A essência de tal entendimento está no fato de que arma de fogo, ainda que com 'bala de borracha', não deve ser usada contra multidões ou contra pessoas desarmadas, como tantas vezes já se assistiu em nosso contexto democrático.

Há 14 anos, o repórter-fotográfico Alex Silveira, que cobria uma manifestação de professores, foi atingido por uma bala de borracha no olho e perdeu 80% de sua visão. Recentemente, ele teve seu pleito de indenização rejeitado pelo Tribunal de Justiça do Estado. No entendimento deste, a culpa de ter perdido a visão teria sido do próprio fotógrafo, já que se colocara na situação de risco.



Fatos como esse apenas evidenciam que casos de uso desproporcional da 'bala de borracha', em regra, não são devidamente apurados e reparados pelo Estado. Em 2013, a jornalista Giuliana Vallone, da Folha, foi atingida por uma bala de borracha em seu olho esquerdo ao cobrir uma das manifestações.

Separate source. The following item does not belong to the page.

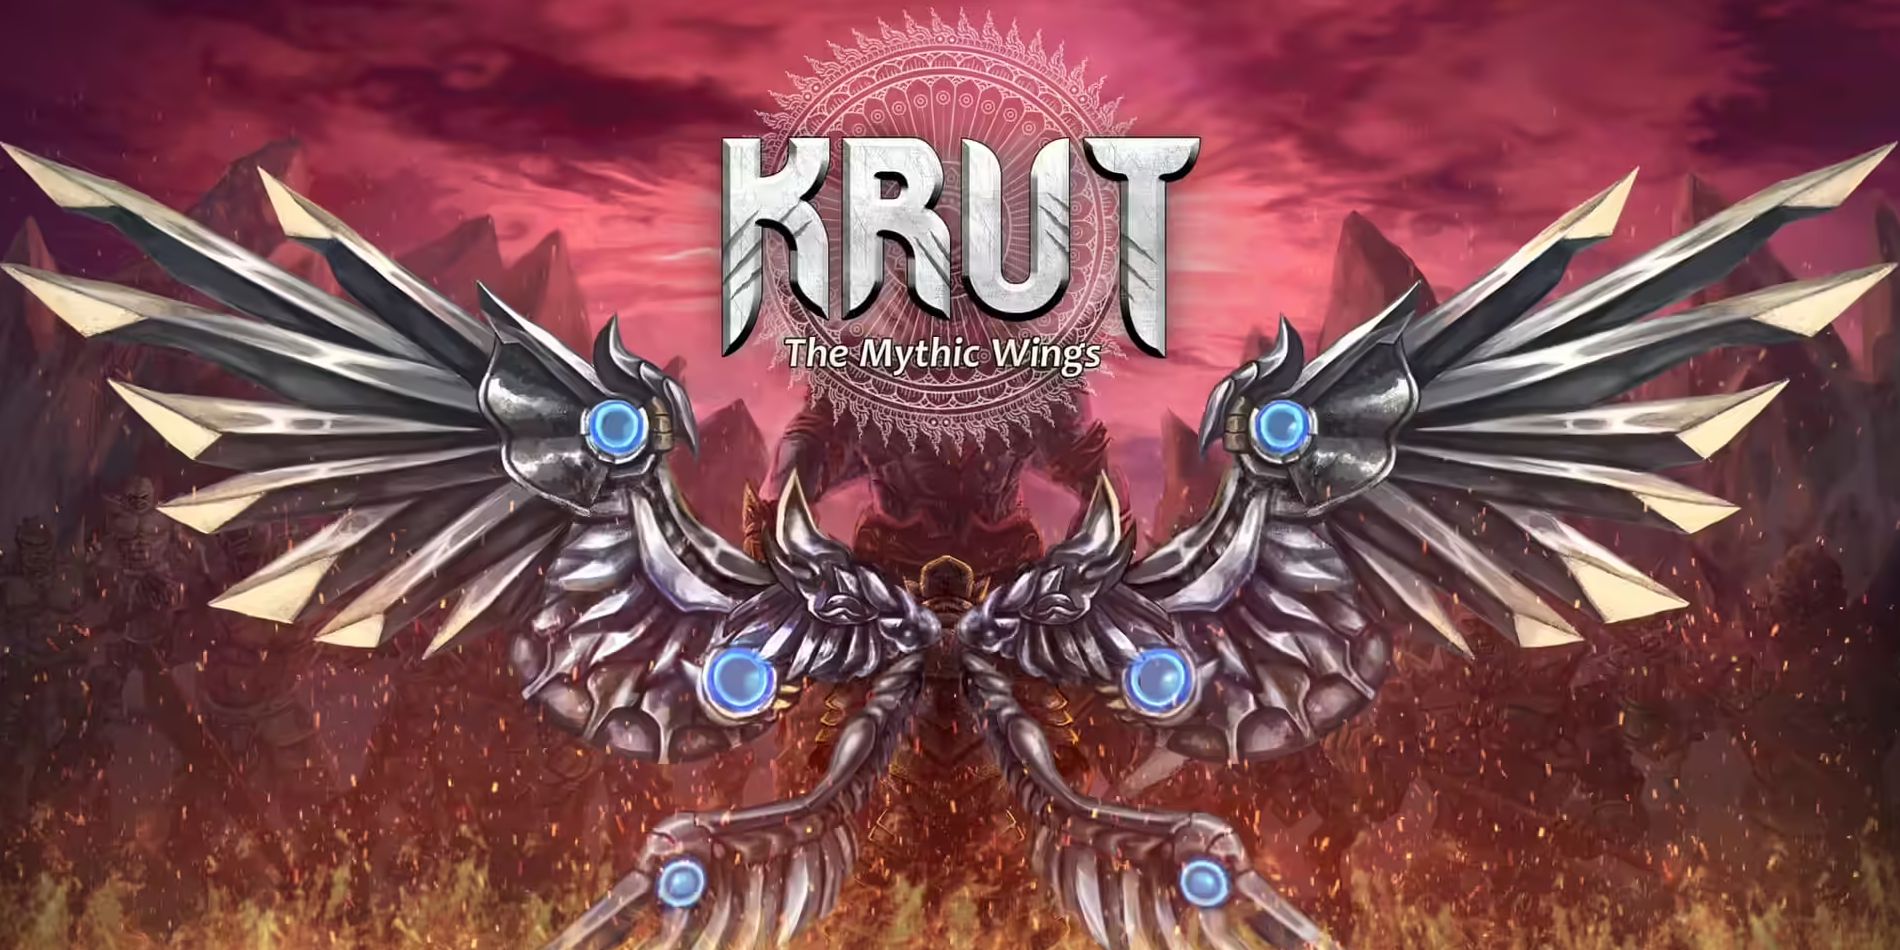 Krut The Mythic Wings Review Cover Art
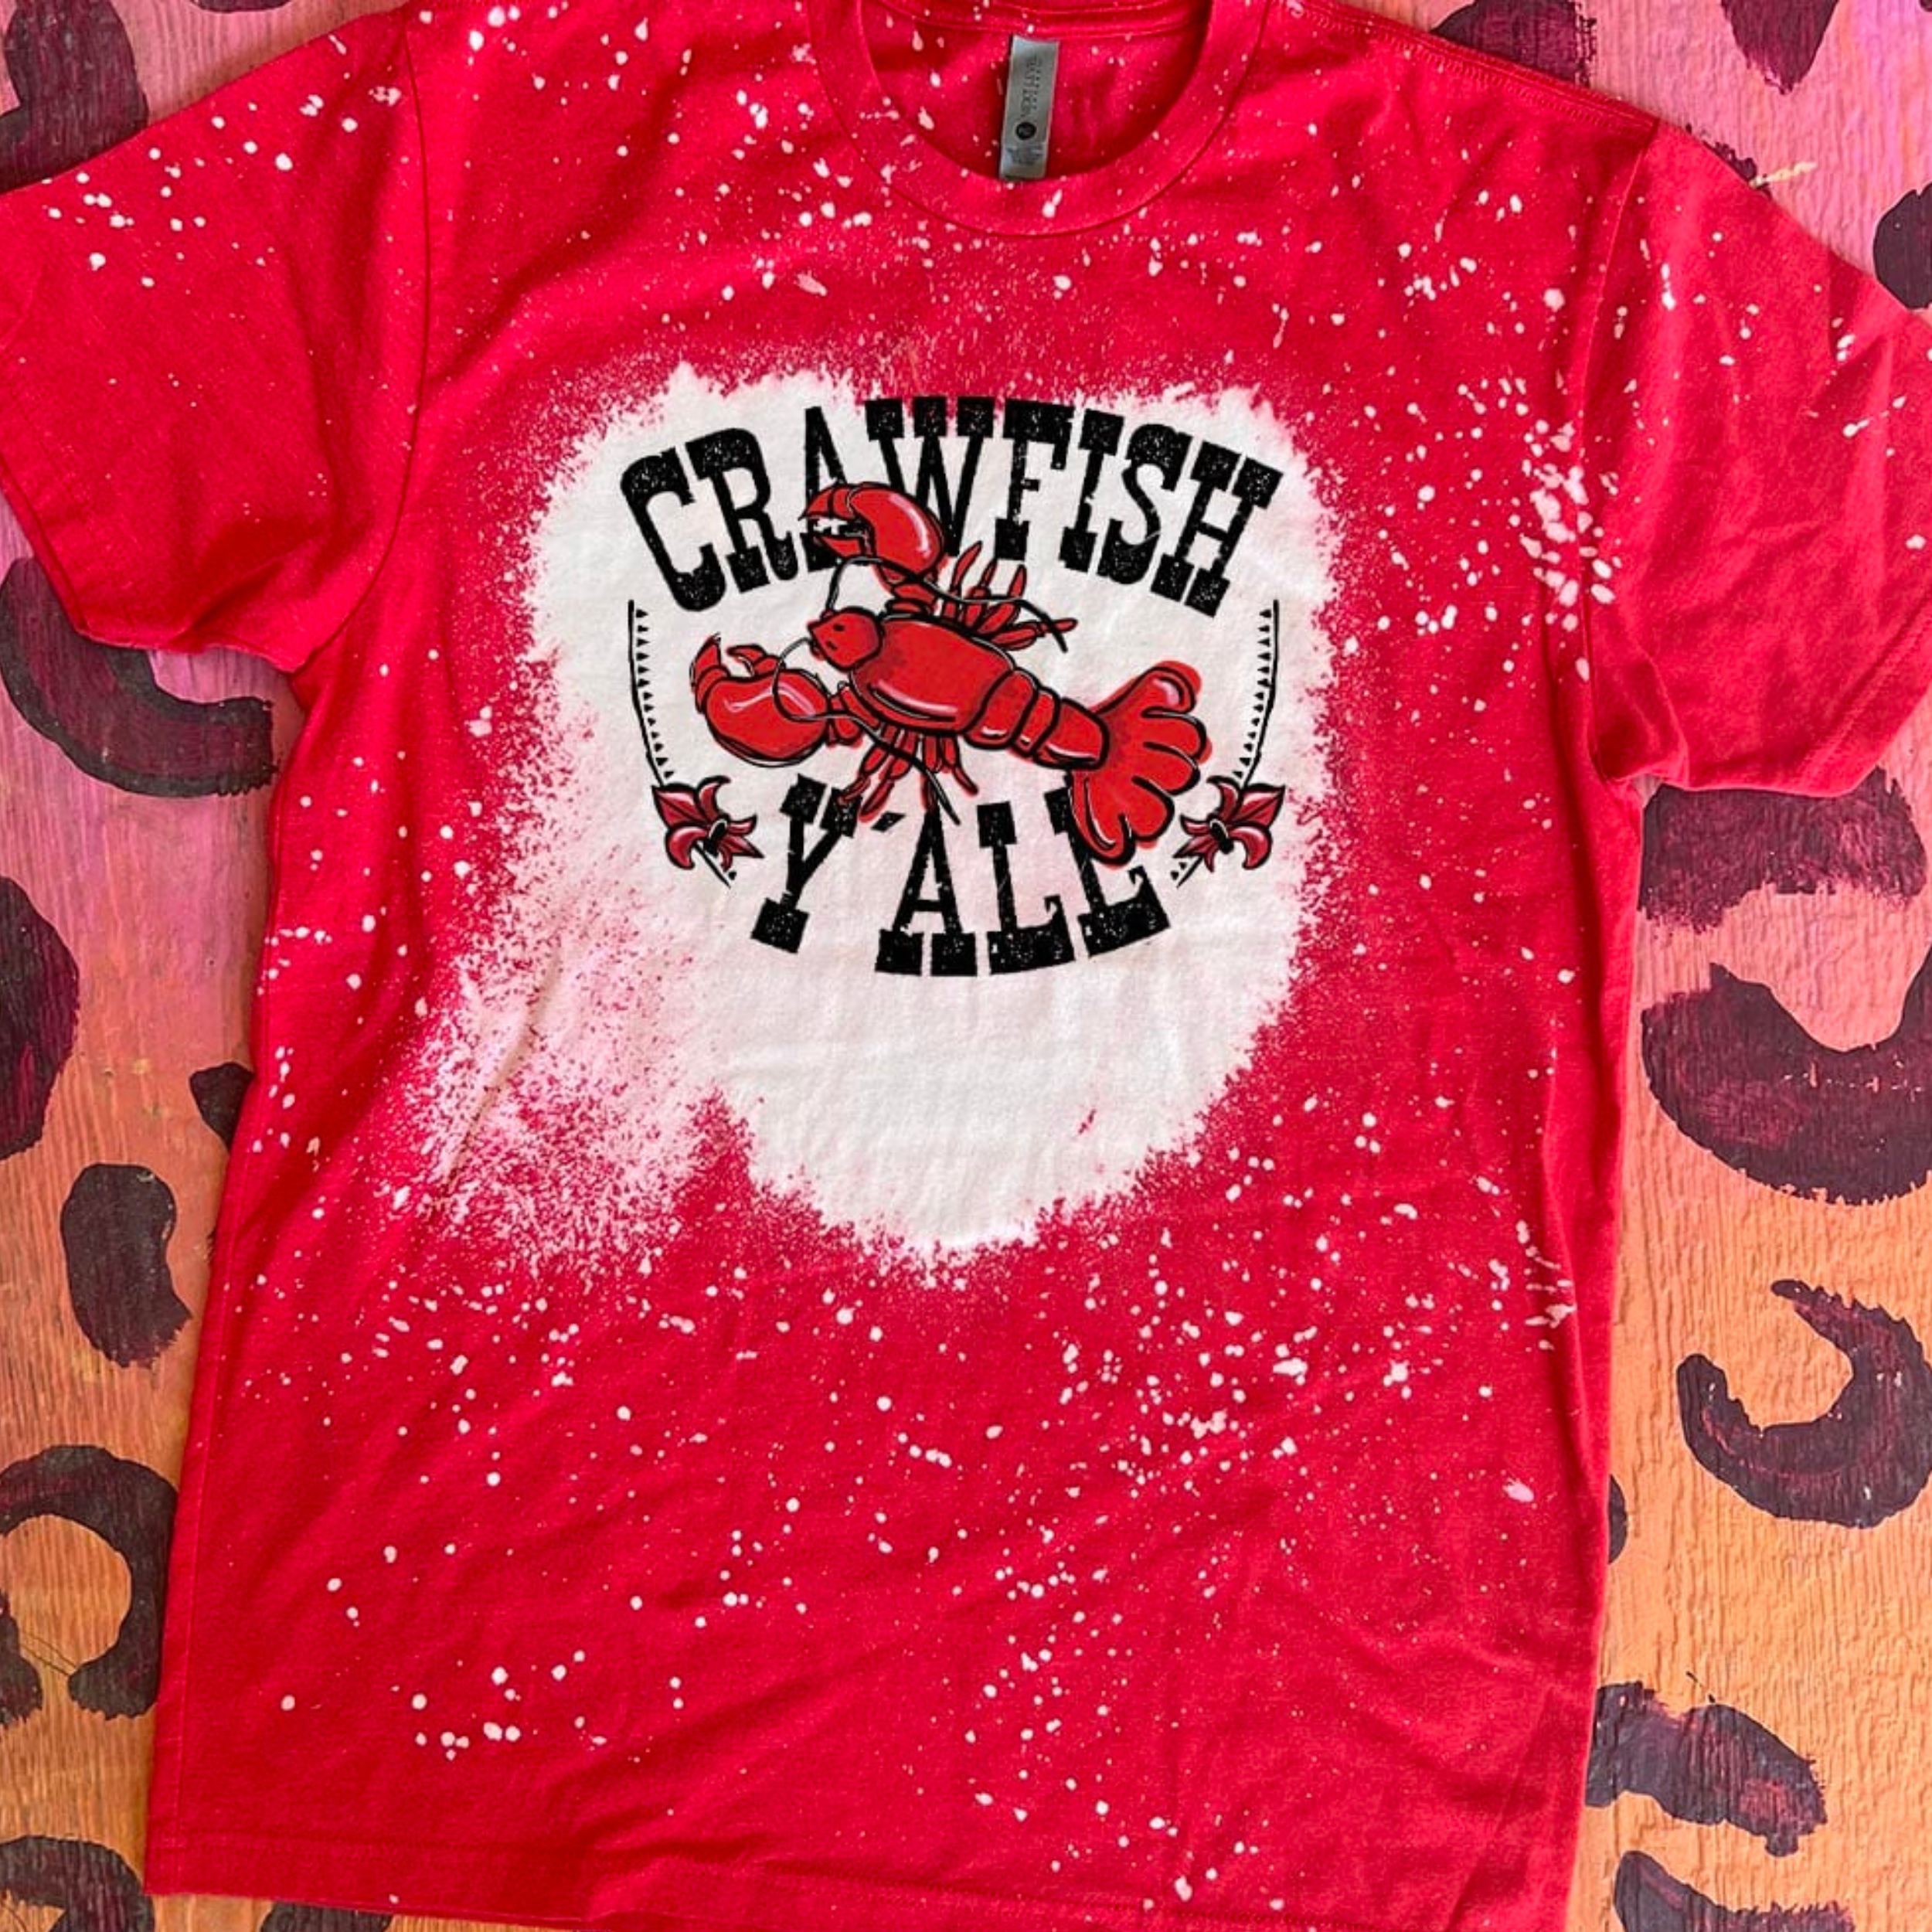 A red tee shirt with short sleeves and a crew neckline with a bleach splatter graphic crawfish that says "crawfish y'all." This tee shirt is pictured on a leopard print background.

O mesmo ocorreu com Sergio Silva, fotógrafo que cobria protestos em 2013 e que perdeu o olho esquerdo. Também no mesmo ano, Dayane [de Oliveira], de 17 anos, que passava próximo a uma festa na comunidade de Paraisópolis, foi atingida por uma bala de borracha em razão de operação policial que buscava dispersar a aglomeração de pessoas.

O uso de armas de fogo menos letais por parte das forças de segurança tem sido desproporcional, abusivo e violador dos direitos de reunião e manifestação. O mínimo esperado é que, se o cidadão decidir se expressar nas ruas, não volte para casa com um olho de vidro.

* Rafael Custódio é coordenador do Programa de Justiça da ONG Conectas Direitos Humanos. ** Rafael Lessa integra o Núcleo de Cidadania e DH da Defensoria Pública do Estado de SP.